# [Task to complete]
An exact transcription of every entry is required, with the images left out.

# [The records]
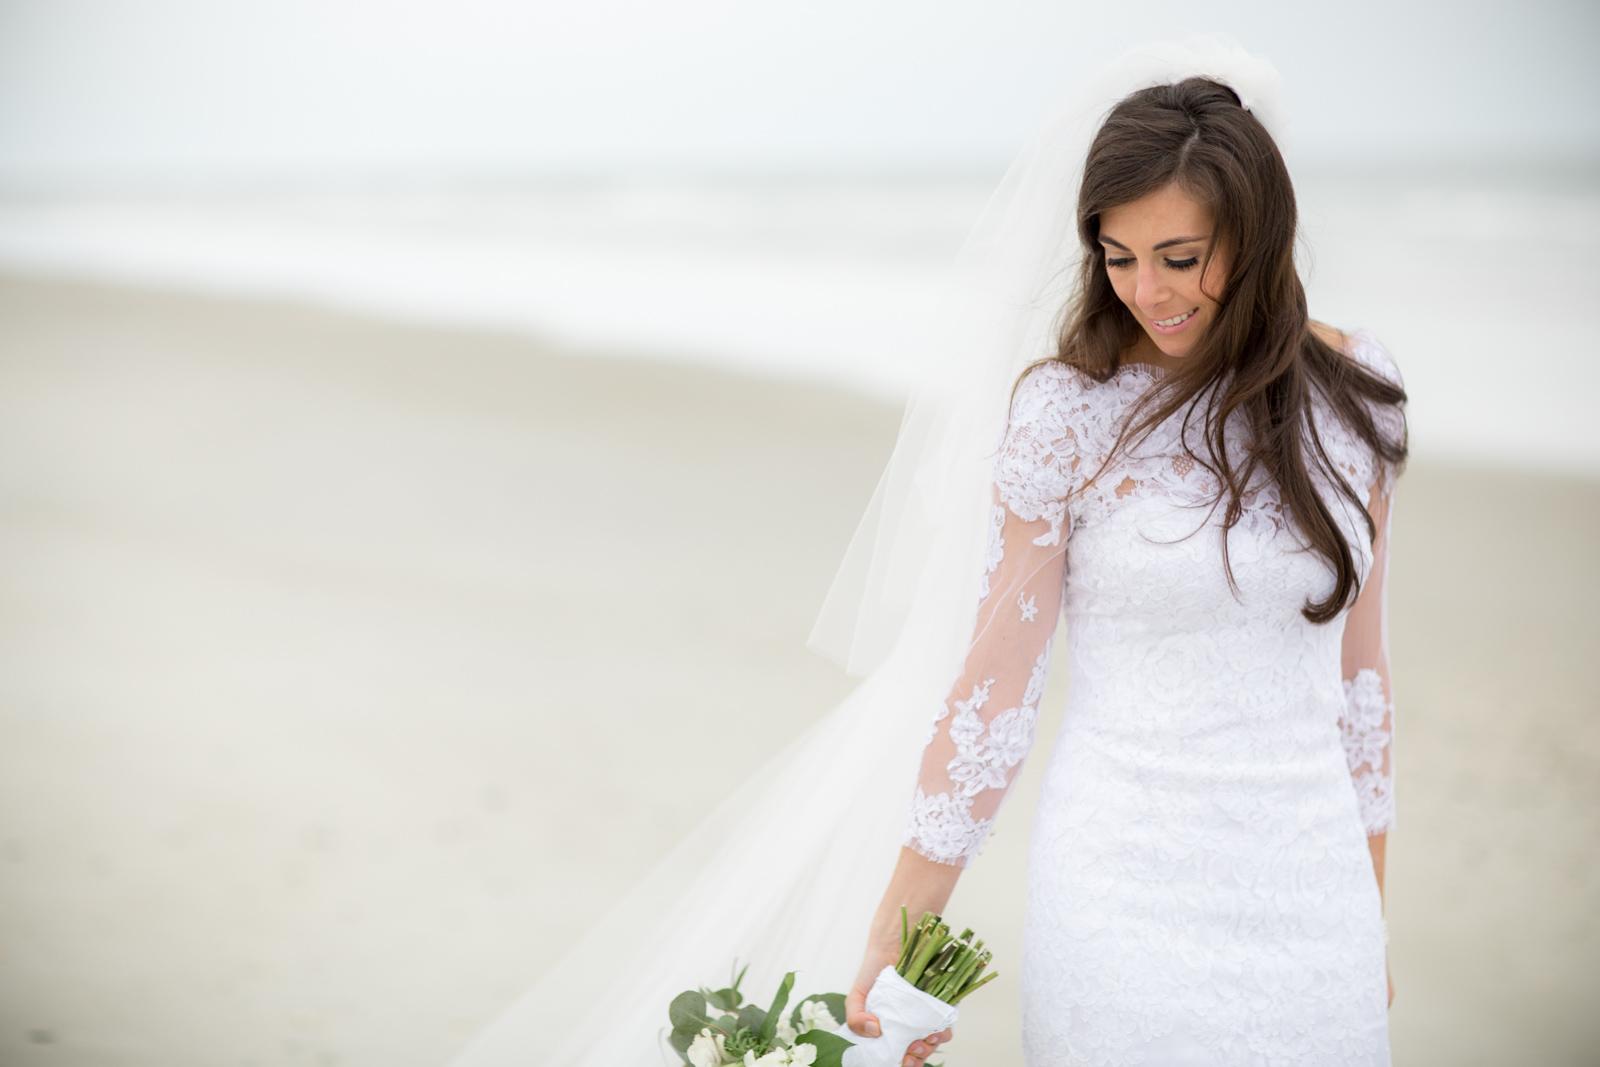 Figure eight island wedding-29.jpg
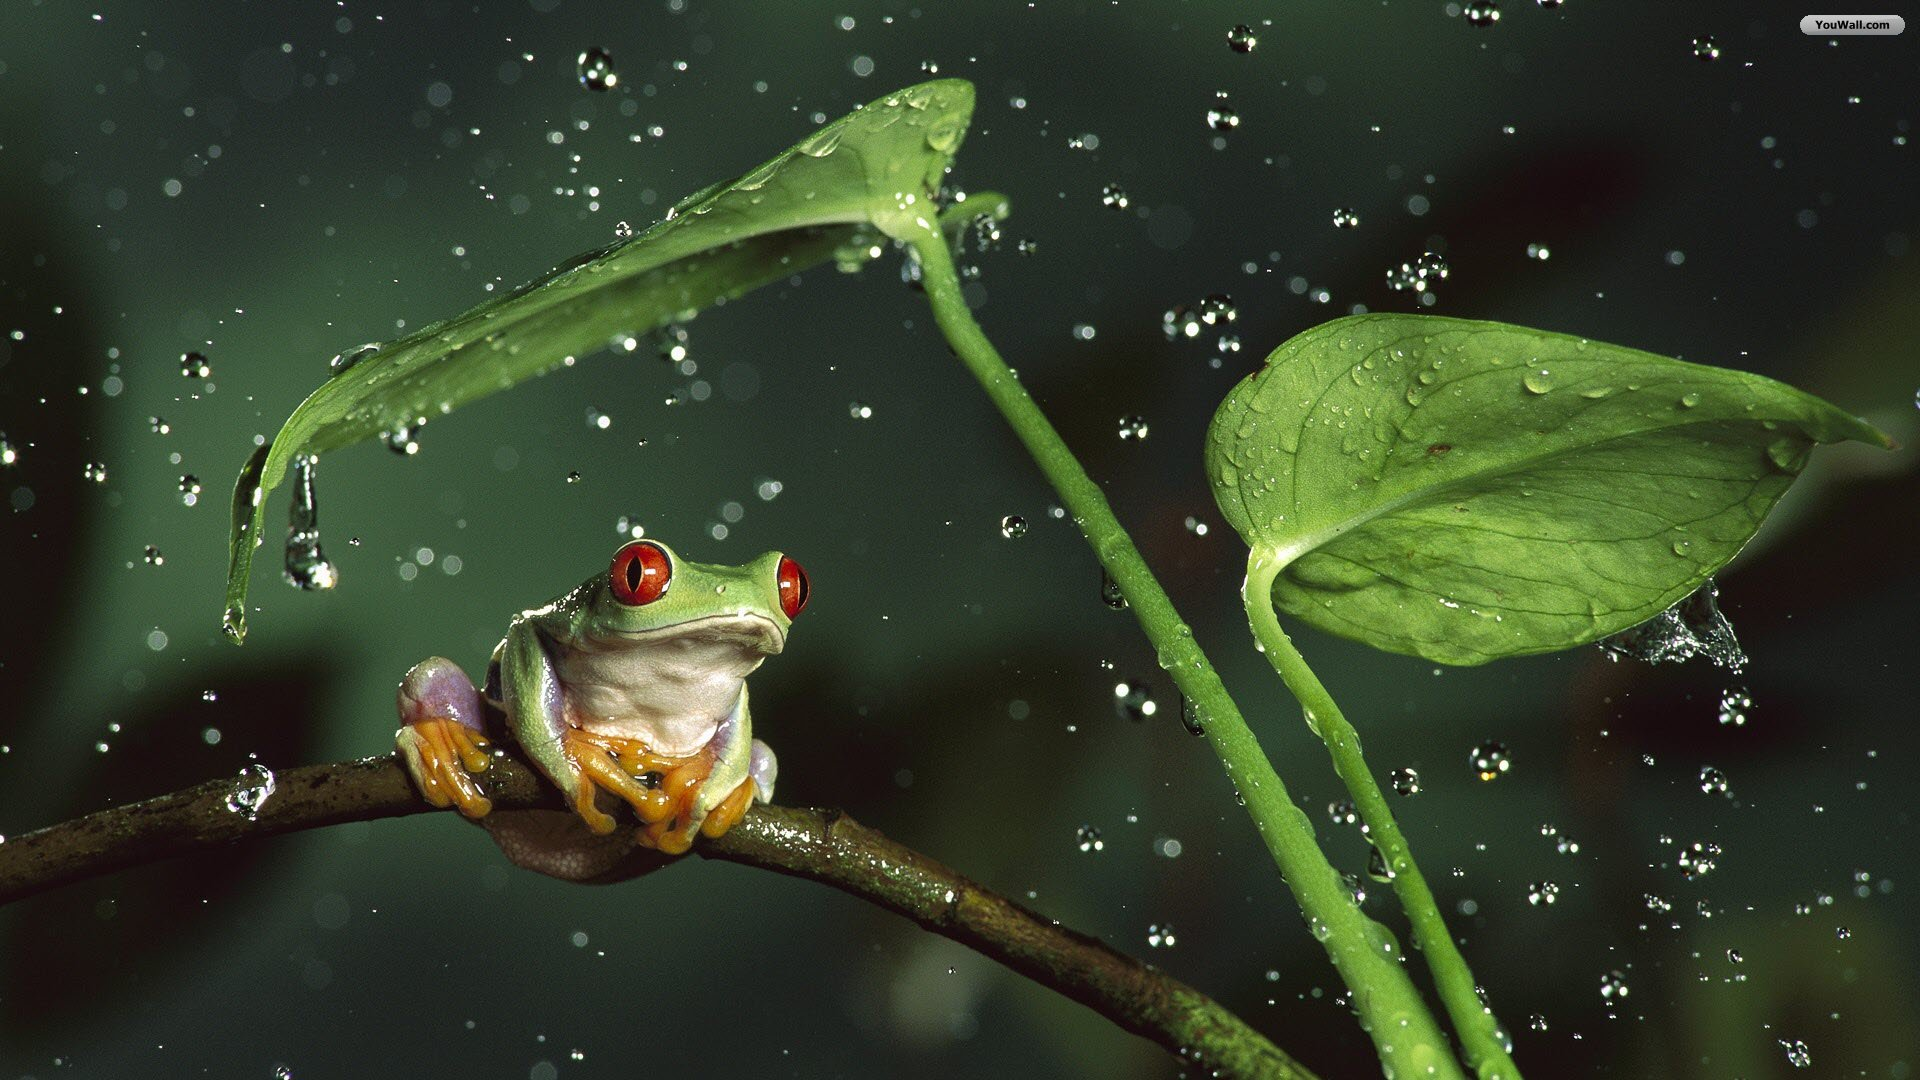 Under Rain Wallpaper HD wallpaper   Green Frog Under Rain Wallpaper 1920x1080
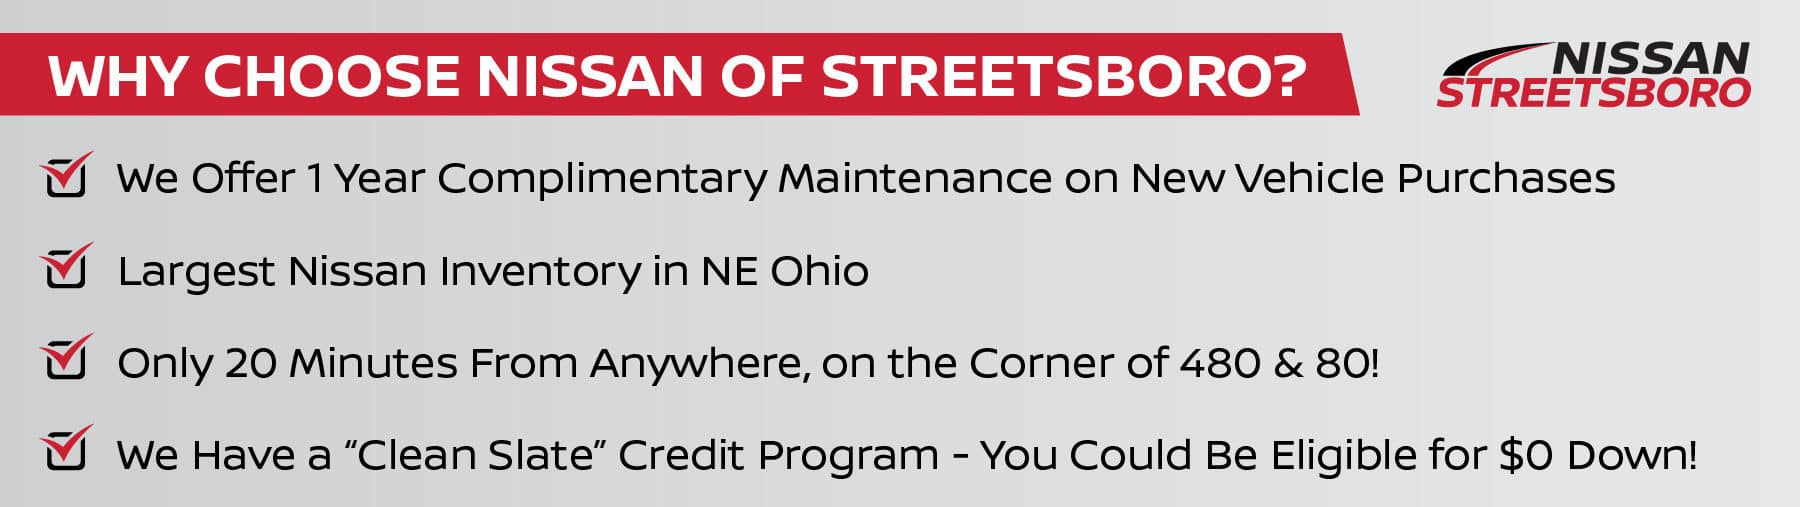 Choose Nissan of Streetsboro
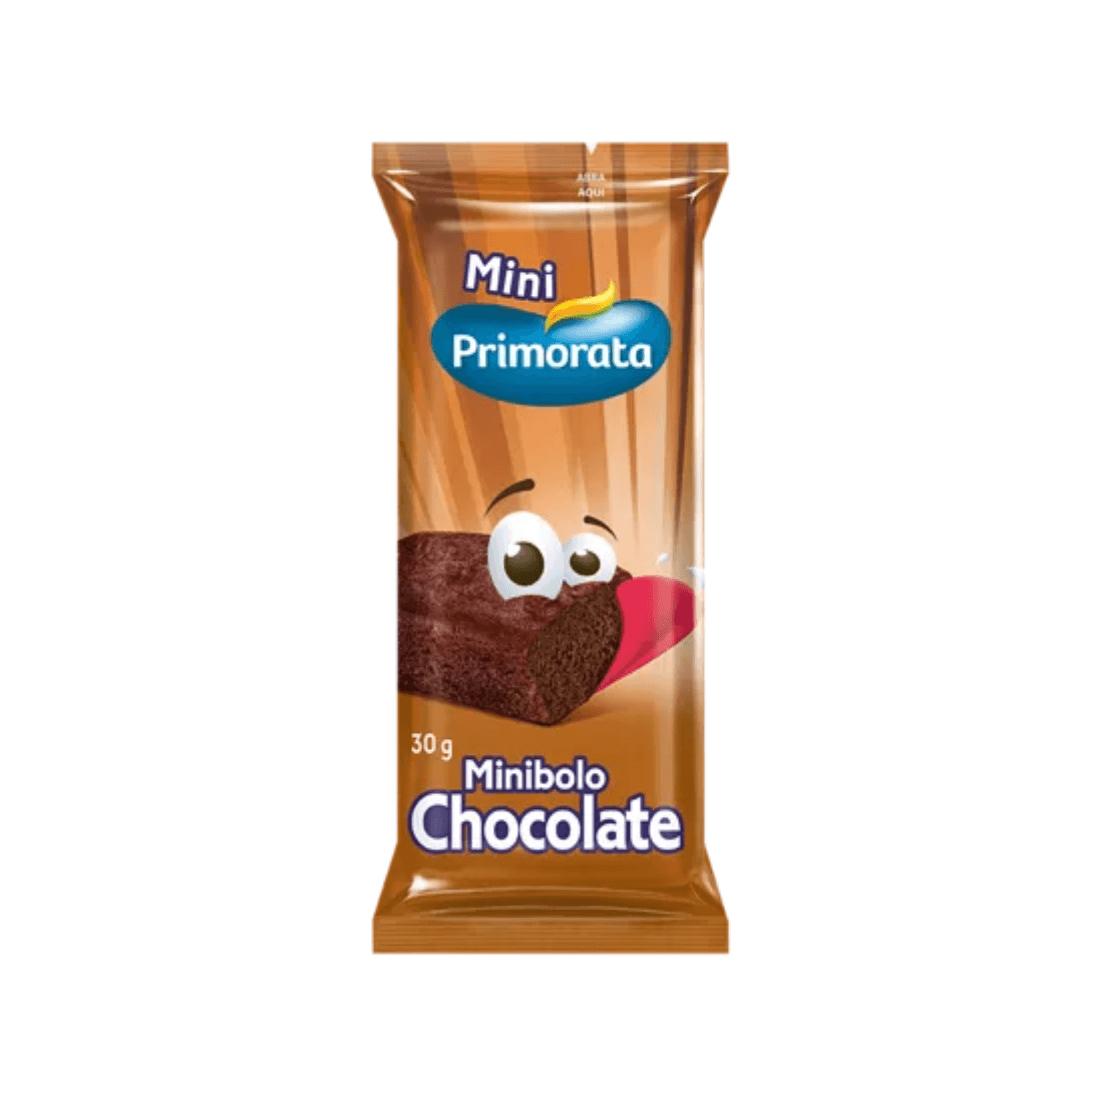 MINI BOLO CHOCOLATE PRIMORATA 30G CAIXA 18 UNIDADES
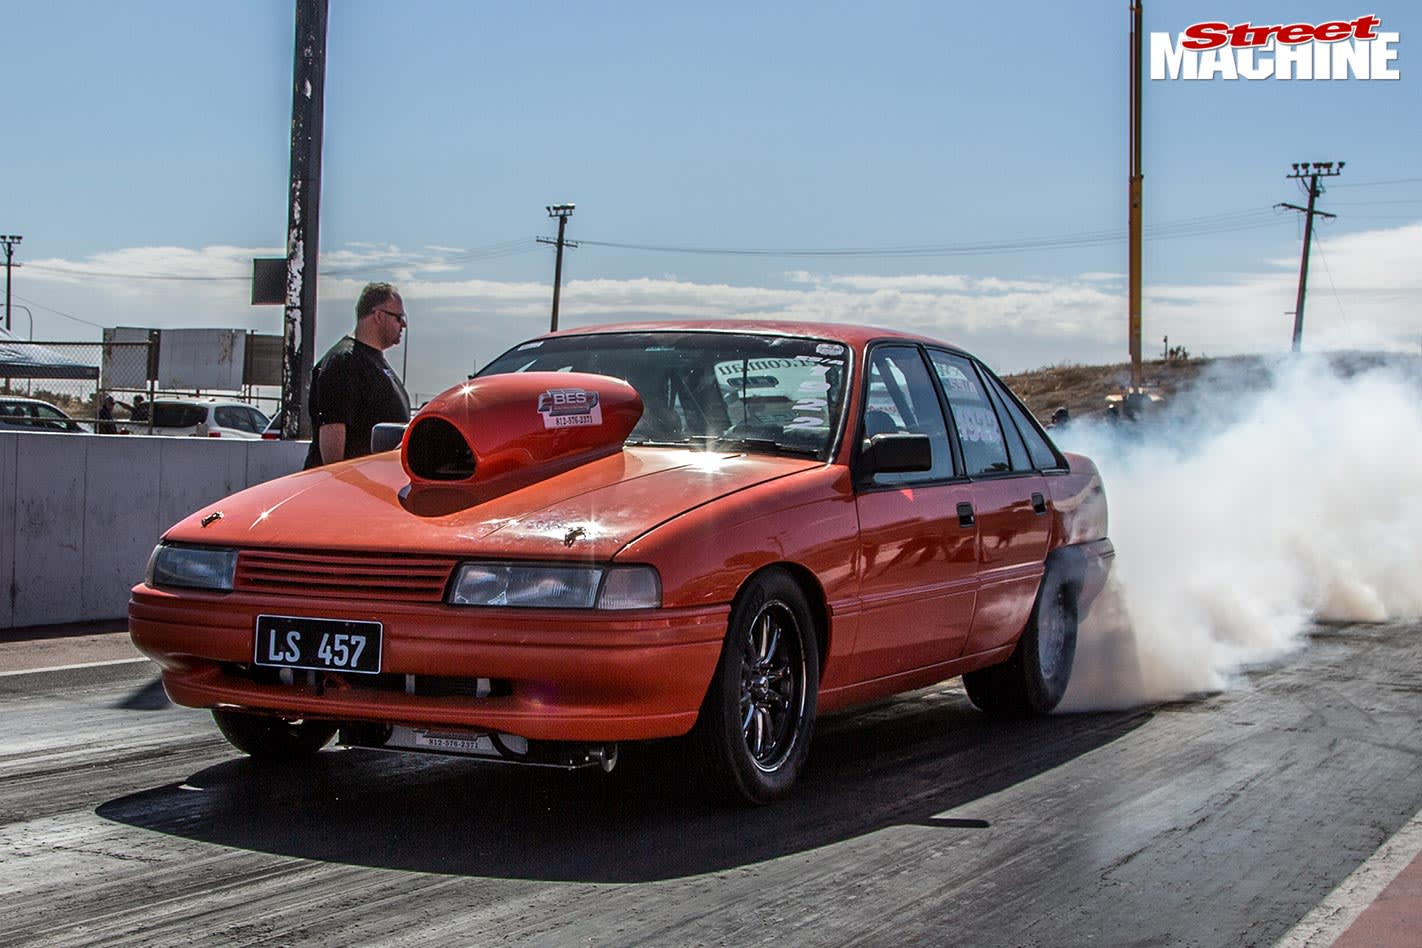 Holden VN Commodore drag

# [Solution below]
 Figure eight island wedding-29.jpg
 Under Rain Wallpaper HD wallpaper   Green Frog Under Rain Wallpaper 1920x1080
 Choose Nissan of Streetsboro
 MINI BOLO CHOCOLATE PRIMORATA 30G CAIXA 18 UNIDADES
 Holden VN Commodore drag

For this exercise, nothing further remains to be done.